At first glance it appears to be an application of the Statist Fallacy, there is also another fallacy at play here, the Is / Ought fallacy. It is a Statist Fallacy because the assumption is that if the government doesn't provide these services than nobody will, and that by opposing the government being the provider of these services one also opposes the services being provided at all.

But it is also an is / ought fallacy. The speaker is assuming that the way things are, that the government provides these services, is the way things ought to be, and by expressing the point in that particular way the speaker is hoping to lay a verbal trap for any opponent of expanded government. One can either deny that taxes should pay for those and because of the statist fallacy agree that those should not exist, or one can agree that those services are valuable and because of the is / ought fallacy agree that the government should fund them.

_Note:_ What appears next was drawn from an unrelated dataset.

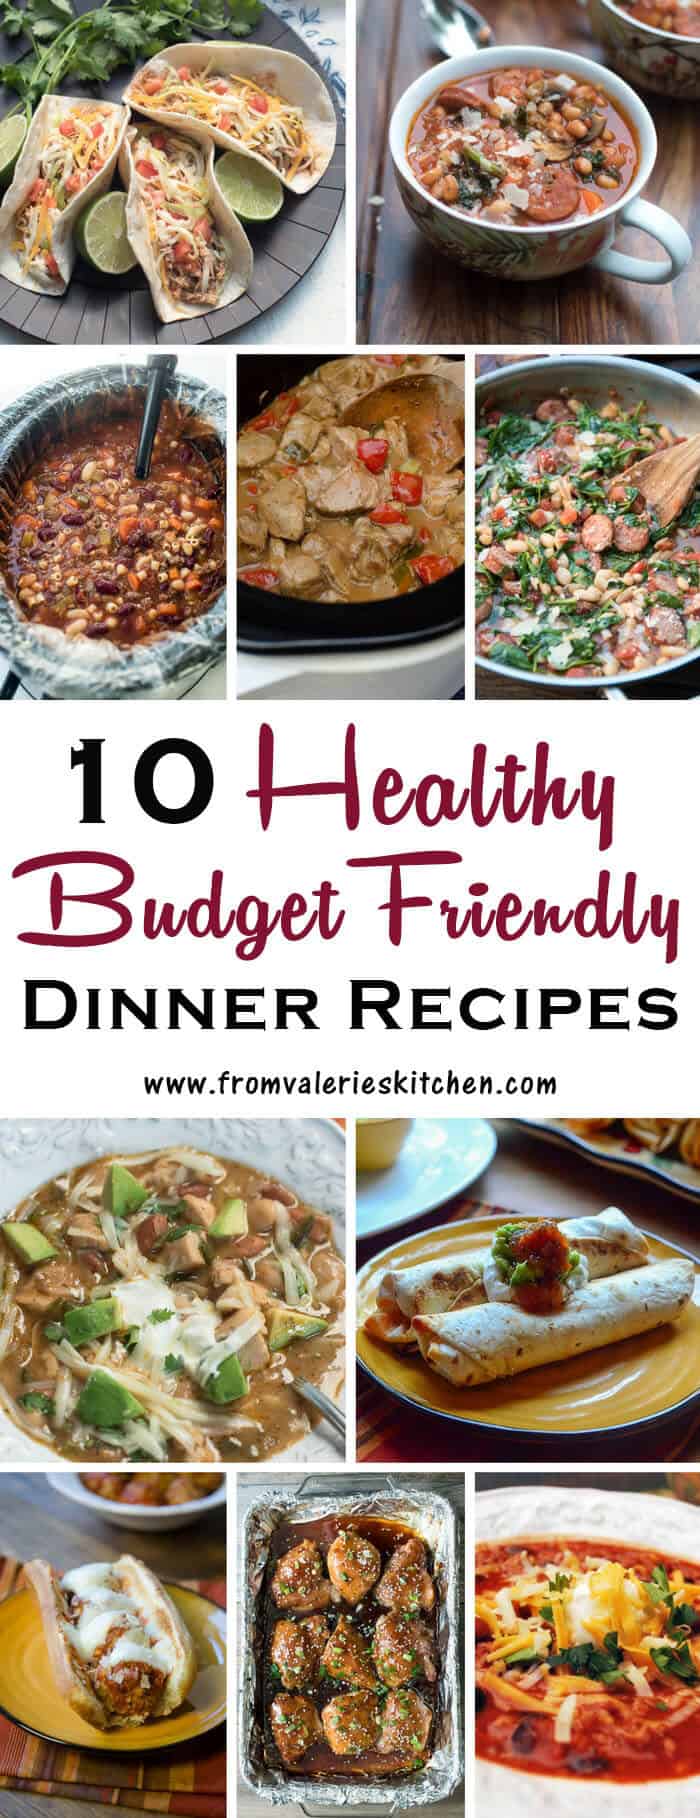 Familiar, comforting meals that are all wholesome options and inexpensive to prepare. These 10 Healthy Dinner Recipes will help you get back on track!

A good answer is "since currently those are paid for by taxes, we currently need taxes to pay for those" and then immediately accuse the speaker of engaging in the is / ought fallacy. The inclusion of the word "currently", twice in one answer, allows the libertarian in the argument to sidestep the trap of either embracing the statist fallacy or the is / ought fallacy, and it becomes very difficult for even a determined statist to pull a quote out of context. Leaving out either instance of that word eases decontextualization and the ability to try to argue that the libertarian is actually agreeing on some level with the statist.

"Since currently those are paid for by taxes, we currently need taxes to pay for those. What a fine example of the is / ought fallacy, where since that is the way it is therefore that is the way it ought to be. Why ought it be that way? Is there no other way to fund those besides taxes?"